Entries shown:
- Opening Delimiter -
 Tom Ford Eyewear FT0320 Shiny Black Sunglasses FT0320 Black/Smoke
- Closing Delimiter -
- Opening Delimiter -
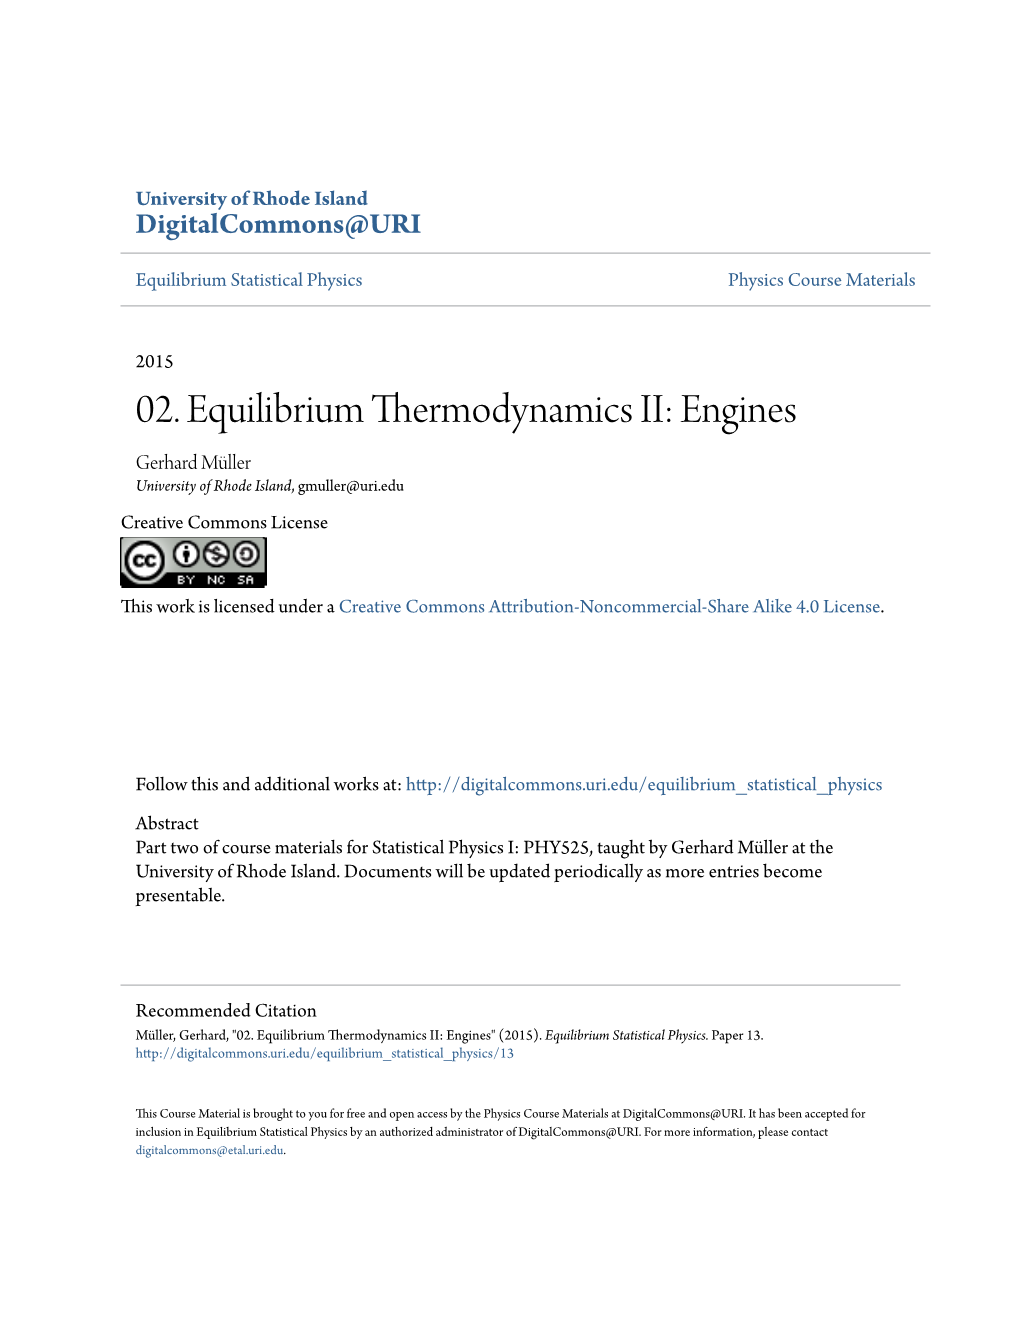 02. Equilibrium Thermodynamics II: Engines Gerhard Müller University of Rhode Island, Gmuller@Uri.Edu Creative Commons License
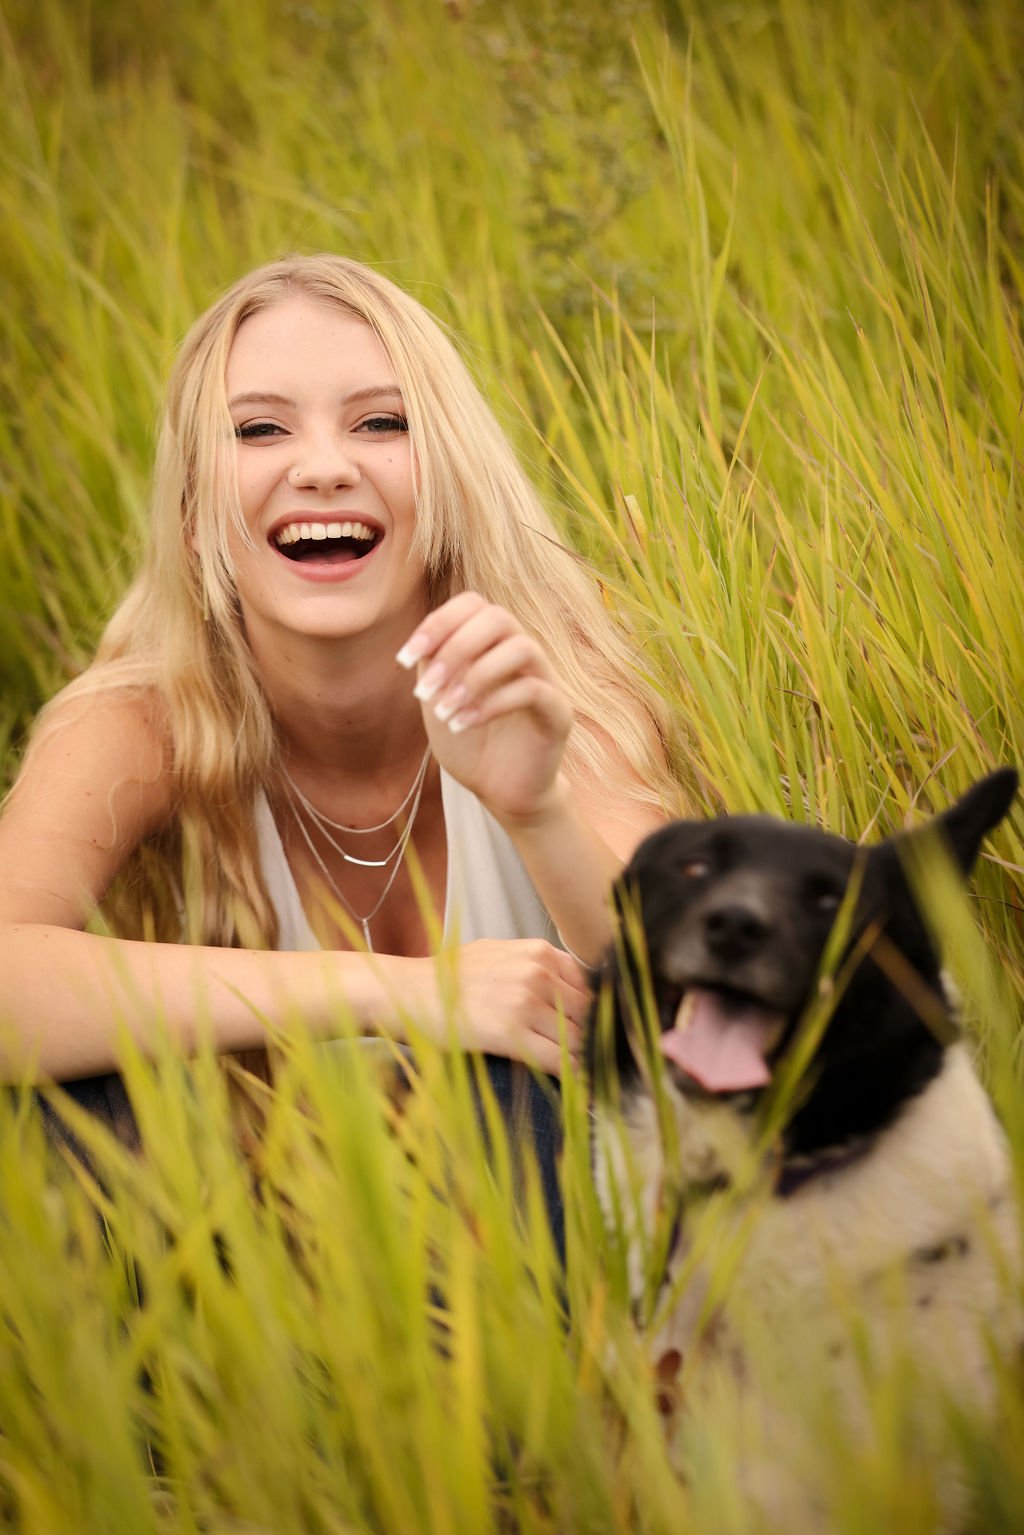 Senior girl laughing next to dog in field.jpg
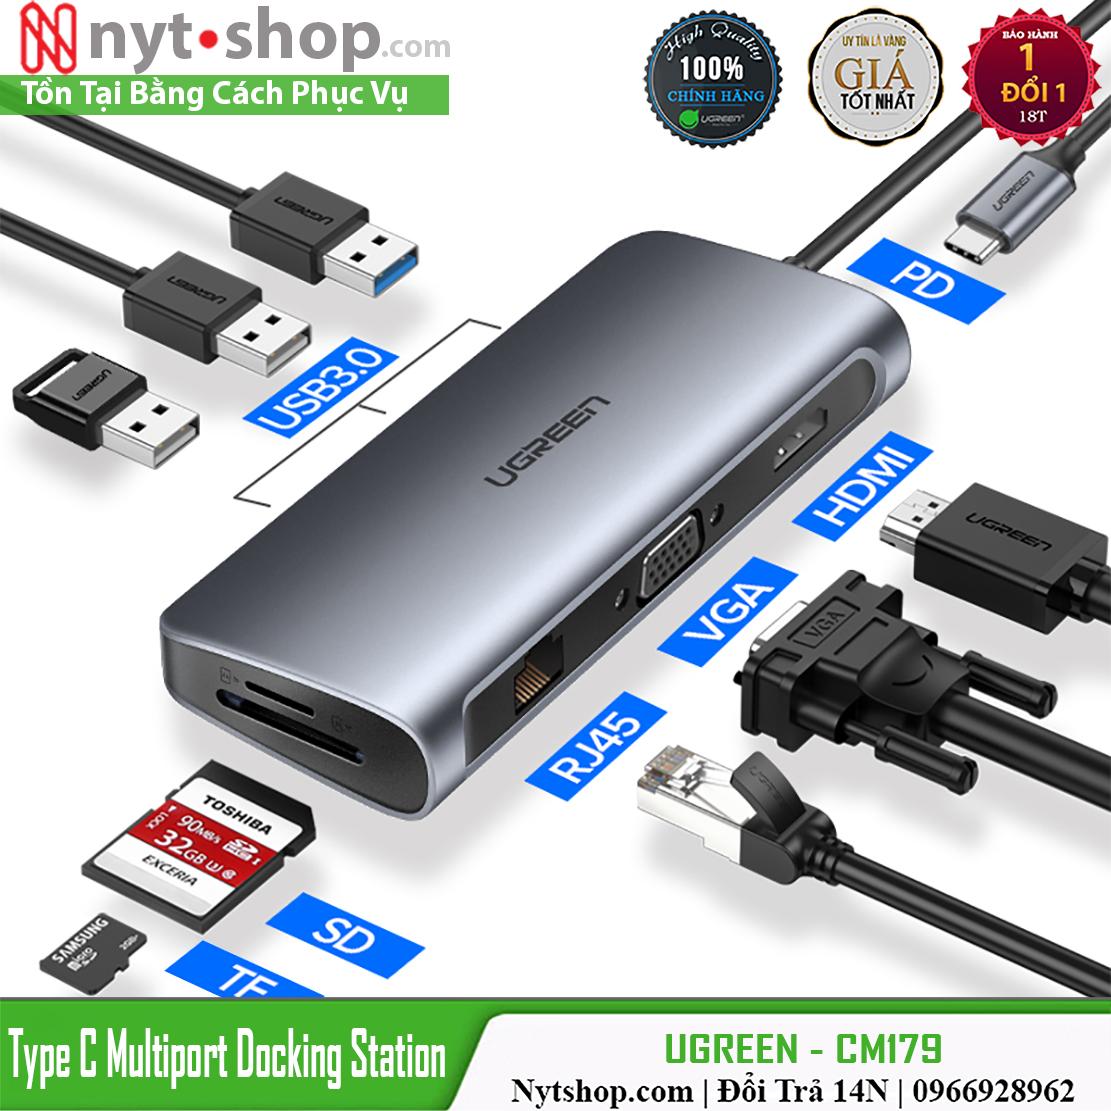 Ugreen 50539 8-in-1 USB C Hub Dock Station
- Closing Delimiter -
- Opening Delimiter -
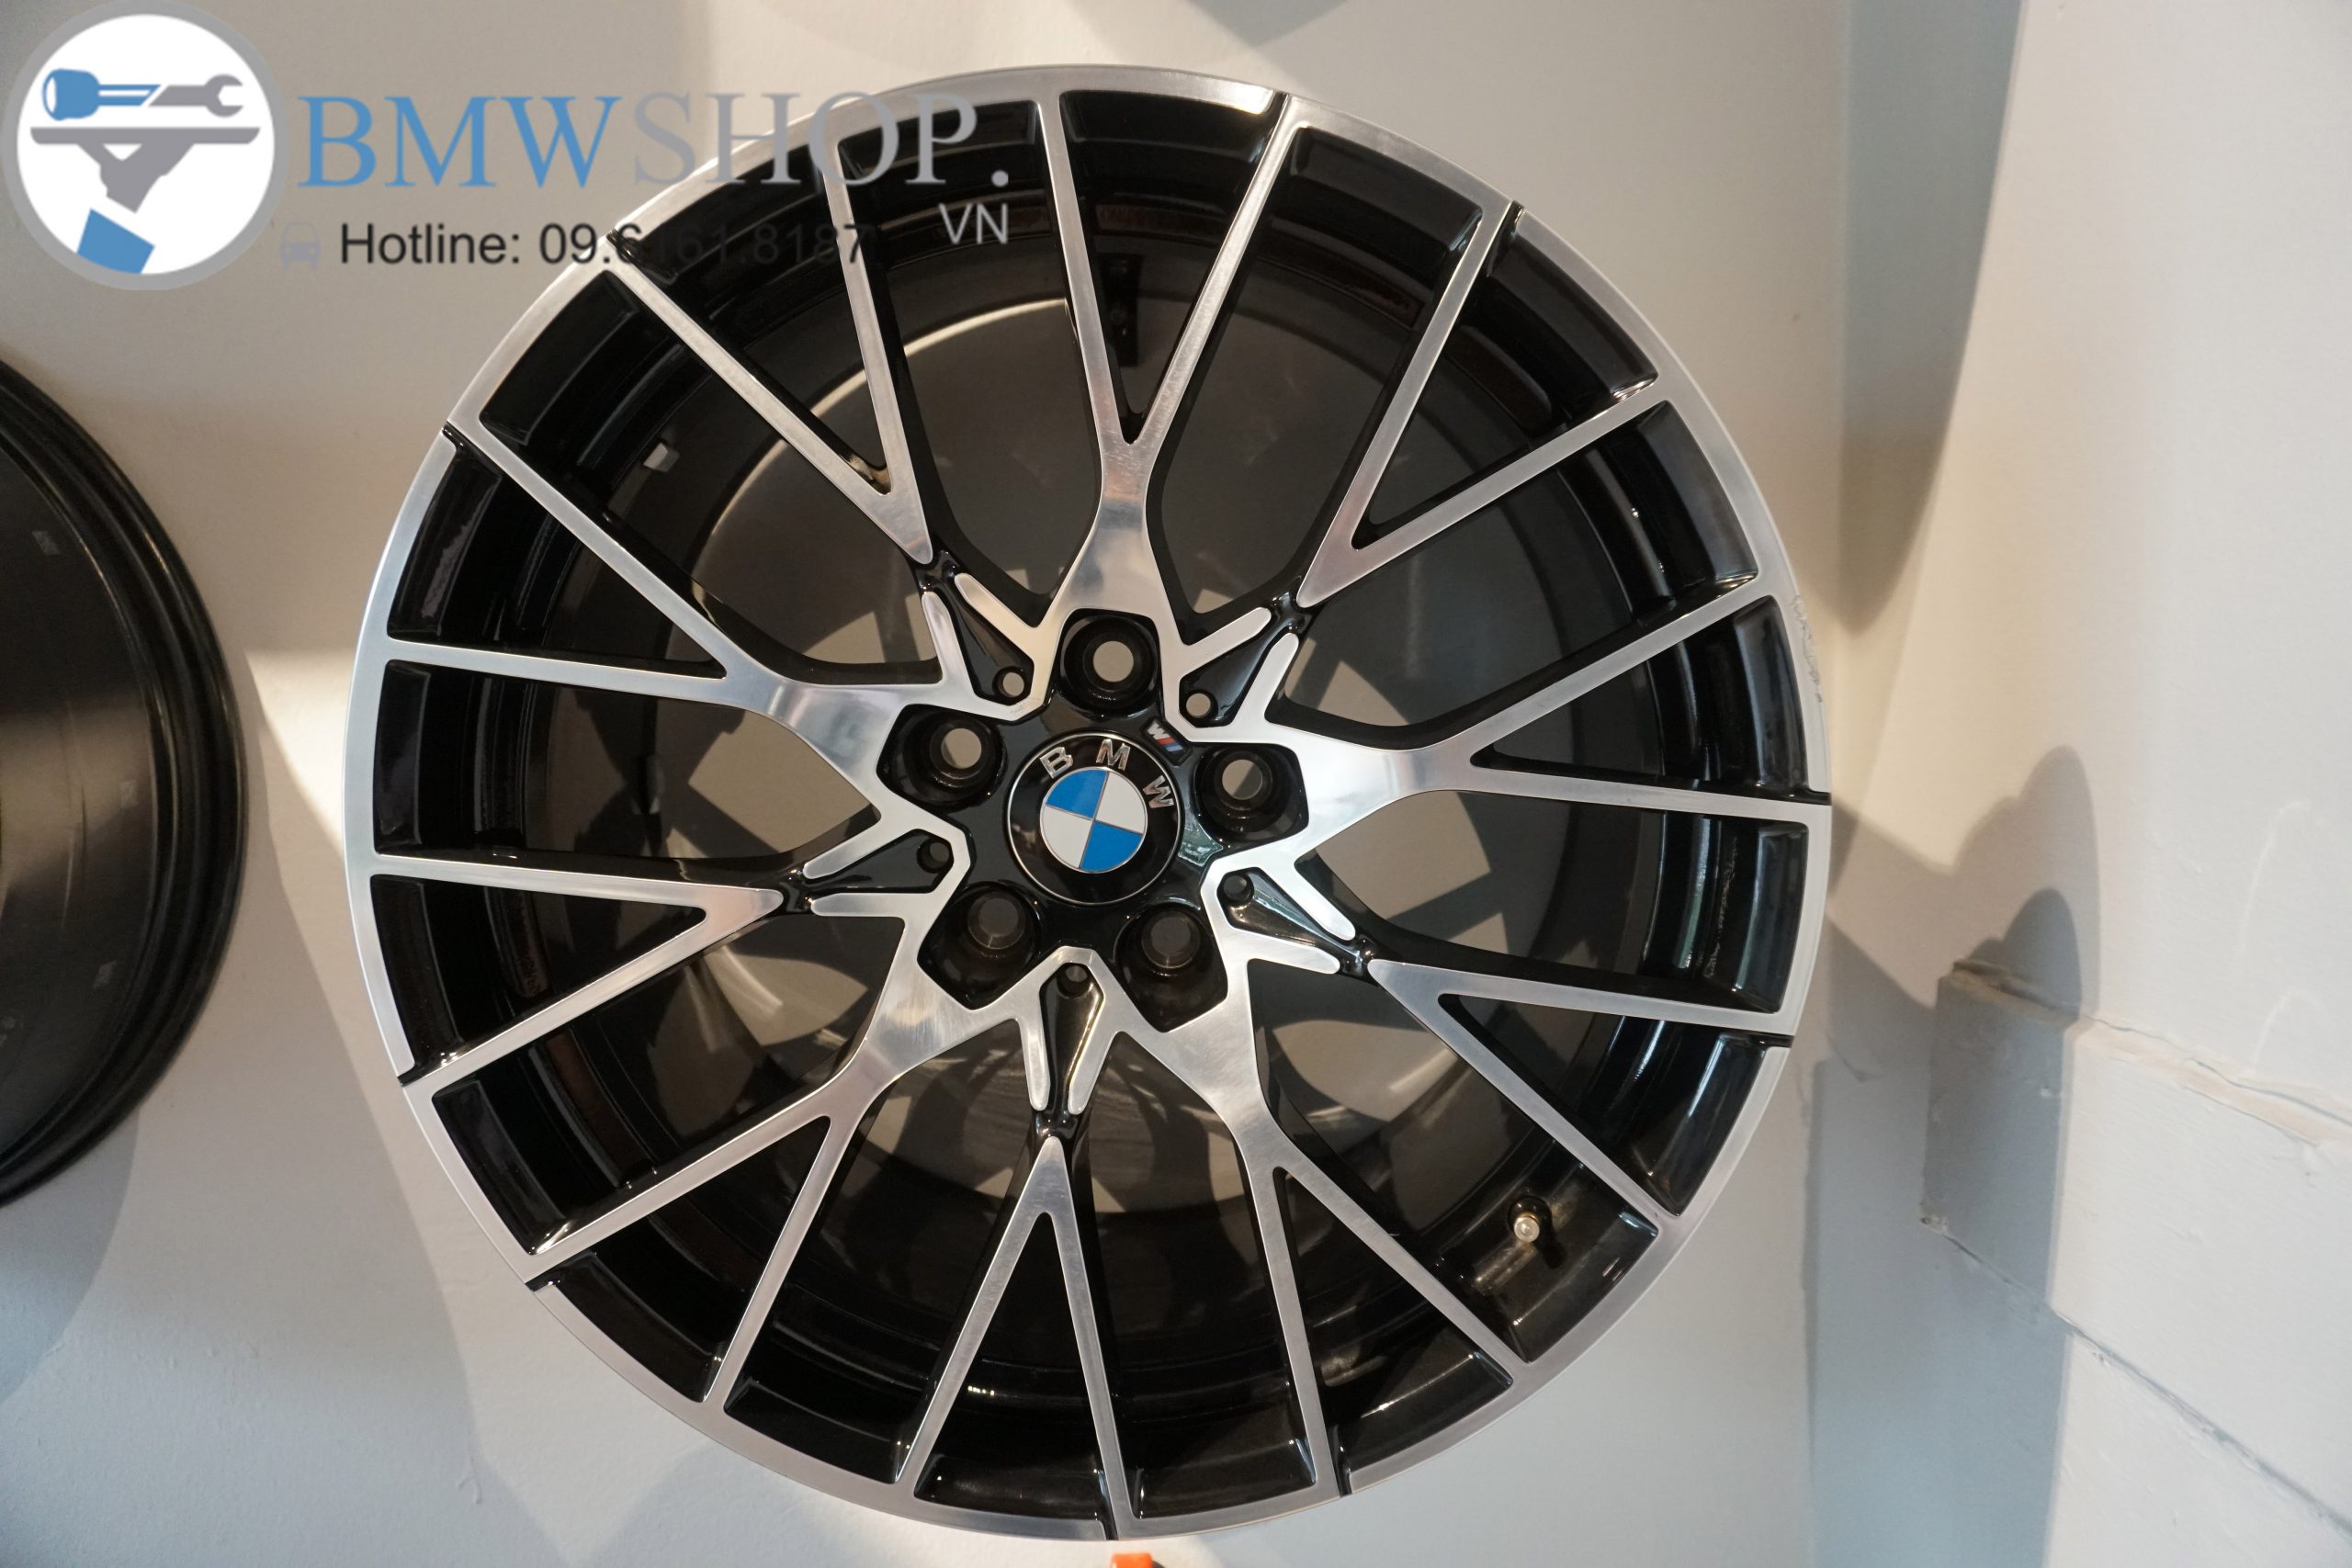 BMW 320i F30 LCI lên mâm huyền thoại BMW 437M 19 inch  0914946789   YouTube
- Closing Delimiter -
Set down again, word for word, every line from the one with "Senior girl laughing" to the one with "Ugreen 50539 8-in-1 USB C Hub Dock Station" in the entries above, and omit the pictures.

Task solution:
 Senior girl laughing next to dog in field.jpg
 Ugreen 50539 8-in-1 USB C Hub Dock Station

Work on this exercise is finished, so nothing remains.